What I think about Prince...

I woke up this morning after a full night's sleep! The kitties were again bathing in moonlight with the full moon out on my deck, so no pretzel sleeping and cat juggling during late night TV. I woke up feeling well, and then the chat shows came on with coverage of Prince. And it suddenly mellowed me. Seeing all the tributes piling in, the monuments lit in Purple... it brings home the impact he had on music, and our own lives. So when I hear some say "why is everyone making a big deal that he's dead?" "Shouldn't we have appreciated him while alive?" The answer is, we did. All along in our own daily lives.

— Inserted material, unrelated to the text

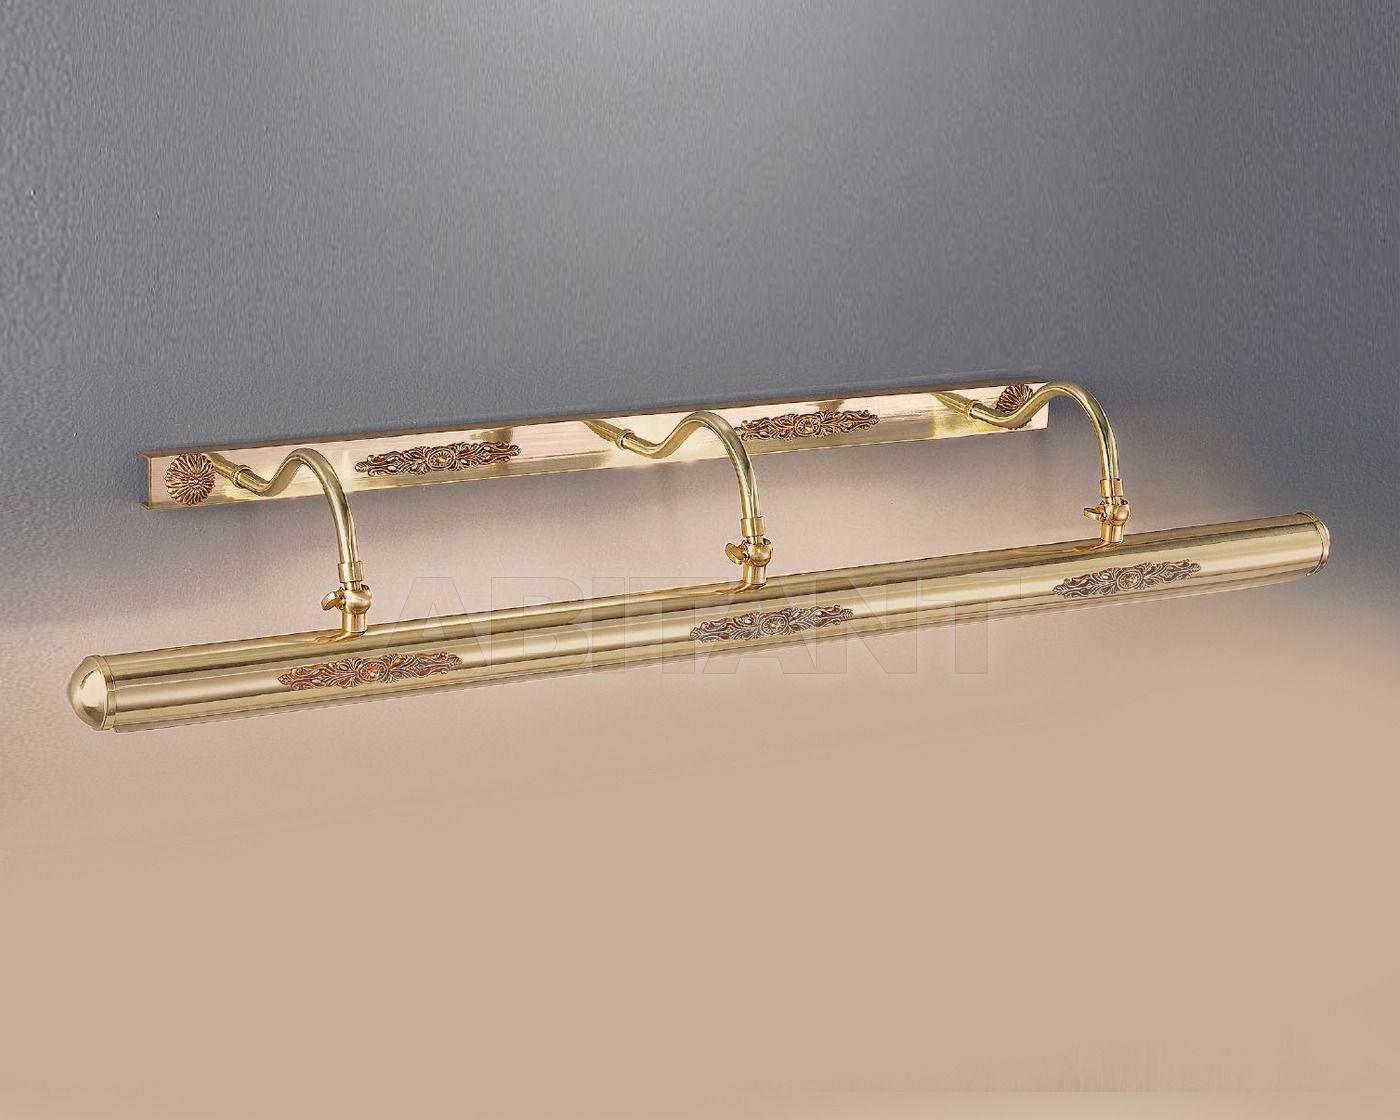 Купить Подсветка Nervilamp Snc Nervilamp 2013 01053

And yes we do take geniuses like him for granted that they will always be with us...

Yes we appreciated him while he was alive. How do I know? Well, maybe it's because 1999 was one of the first cassettes I ever bought with my allowance money. I always listened to the first three songs and remember when we left it playing at summer camp and some of the "raunchy" tracks started playing how I had to say "uh oh!" as it was a Christian camp. I can now look back on that day and laugh. 

And how many of us danced to Purple Rain at our proms, to 1999 on New Years Eve, or Let's Go Crazy during bad wedding DJ sessions, at retro dance party nights while clubbing? Even my mother saw on TV yesterday his performance of Purple Rain at the Superbowl, and cried.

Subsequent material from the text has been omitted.